Строительная фирма отказалась продать дом в кредит сразу четырем совладельцам, потребовав, чтобы сделку оформили на кого-нибудь одного. Выбор пал на Эллистона Смита. Он работал помощником мастера в модной дамской парикмахерской, и хозяева, хоть и не без оговорок, за него поручились. Двадцати четырех лет от роду, холост, без связей, не трезвенник, однако воздержан, любящий сын, правда, живущий отдельно (родители проживали в Далстоне), консерватор, но при том член местного отделения Союза в поддержку Лиги Наций, сторонник мистера Уинстона Черчилля и болельщик «Арсенала», любитель кино и не любитель евреев, однако без всяких крайностей и эксцессов, — таков был Эллистон Смит. Он с большим удовольствием принял присягу, потому что увлекался чтением детективов и предвкушал увидеть нечто совершенно захватывающее. Он не догадывался, что все обернется неимоверной скучищей.


Айвор Уильям Дрейк.

Мистер Дрейк грациозно принял Библию в руки; он понимал, что позирует, выругал себя за это понимание, а потом выругал за то, что выругал. В конце-то концов, раз уж ты актер, так и будь им! Какой смысл шаркать ногами или ходить вперевалочку, когда можно выступать с достоинством человека, отдающего себе отчет в том, что от его решения зависит жизнь ближнего?

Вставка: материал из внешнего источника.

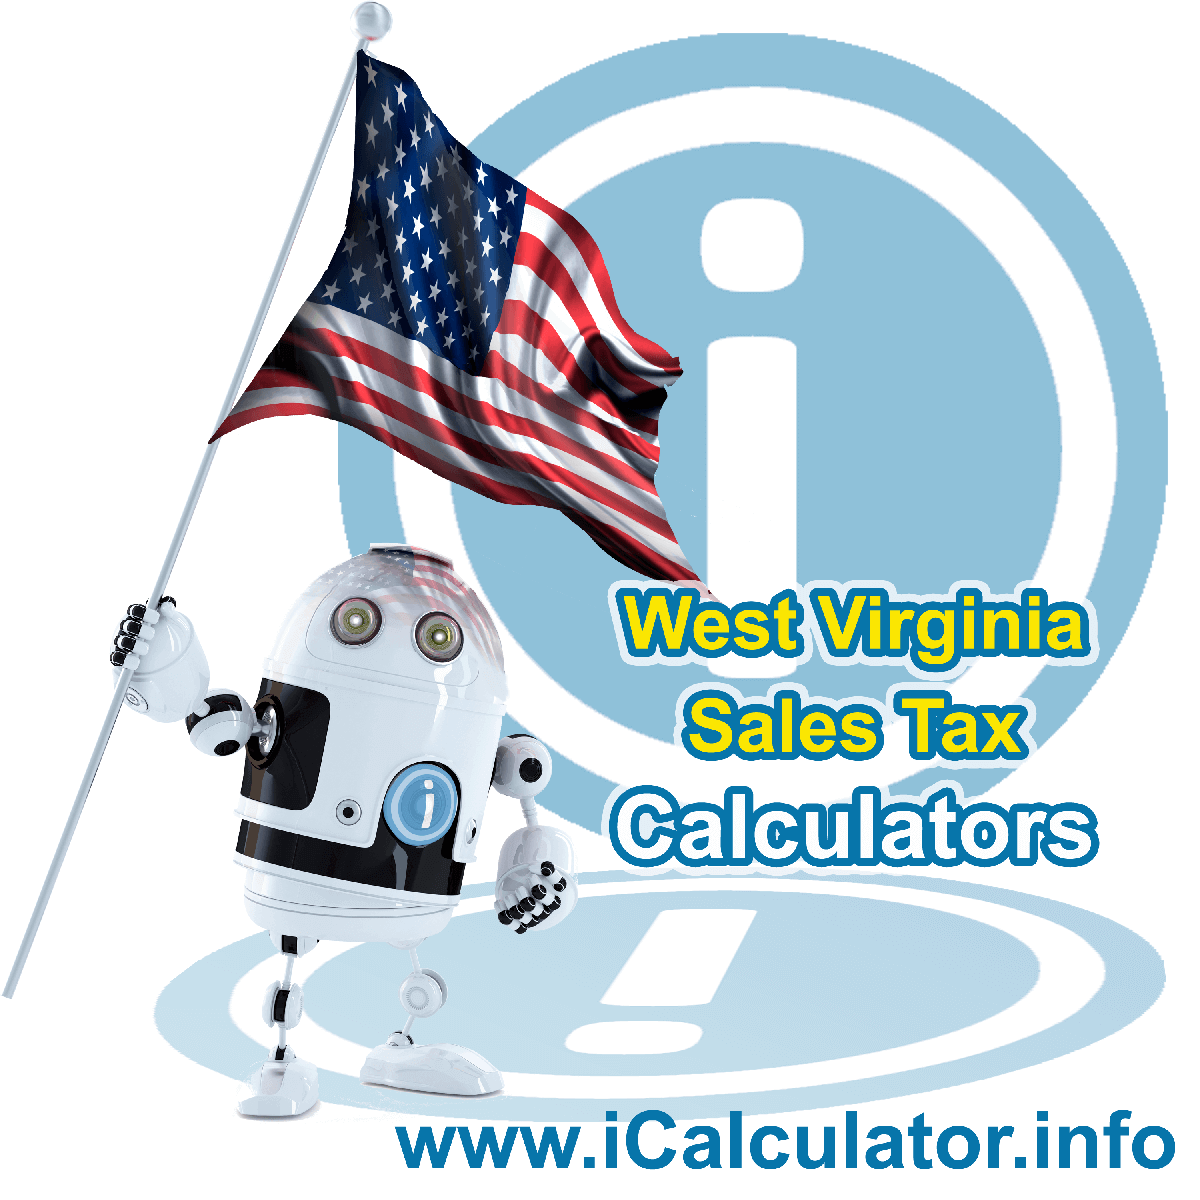 Weston, West Virginia Sales Tax Comparison Calculator: This image illustrates a calculator robot comparing sales tax in Weston, West Virginia manually using the Weston, West Virginia Sales Tax Formula. You can use this information to compare Sales Tax manually or use the Weston, West Virginia Sales Tax Comparison Calculator to calculate and compare Weston, West Virginia sales tax online.

Тем не менее он опасался, что артистизм натуры будет, скорее всего, досаждать ему на всем протяжении слушания. Любая поза, которую примет обвинитель, любой продуманный жест или мина защитника так и останется в его глазах всего лишь позой, жестом и миной. Он невольно будет оценивать их так же, как игру актеров на сцене, — хорошо сыграно, плохо сыграно, сойдет. Черт возьми, неужели он не способен быть искренним или хотя бы распознать непритворство в других? По лицу у него пробежала раздраженно-сардоническая усмешка — так мог бы усмехнуться сам Ноэл Коуард.[27]

Мистер Айвор Дрейк (Уильям он опускал), двадцати семи лет, принял решение стать актером в девятилетнем возрасте, когда подвыпивший дядюшка повел его посмотреть игру Оуэна Нирса. Он до сих пор хорошо помнил эту сцену: мистер Нирс играл (à deux[28]) с известной актрисой, чью фамилию он запамятовал. Хоуи? Айрис Хои? Его мысли помедлили над забытой фамилией, как бабочка над цветком, и перепорхнули на другое. Бог с ней, с актрисой. Оуэн Нирс орал на партнершу и выглядел безумно красивым. Мистер Айвор Дрейк помнил, как она улыбнулась под занавес. «Попробуй еще раз мне угрожать, мой милый», — произнесла она, и сцена погрузилась во тьму. Теперь-то он был склонен считать, что именно этот мюзик-холльный трюк повлиял на рождение в нем актера, причем повлиял не лучшим образом. Ибо, возвращаясь мыслью к тому воспоминанию, он думал, что Оуэн Нирс в тот раз совсем не играл — всего лишь стоял и красовался на сцене, не более. И мистер Дрейк, став актером, долгие годы недоигрывал: стоял на сцене и красовался, как только мог.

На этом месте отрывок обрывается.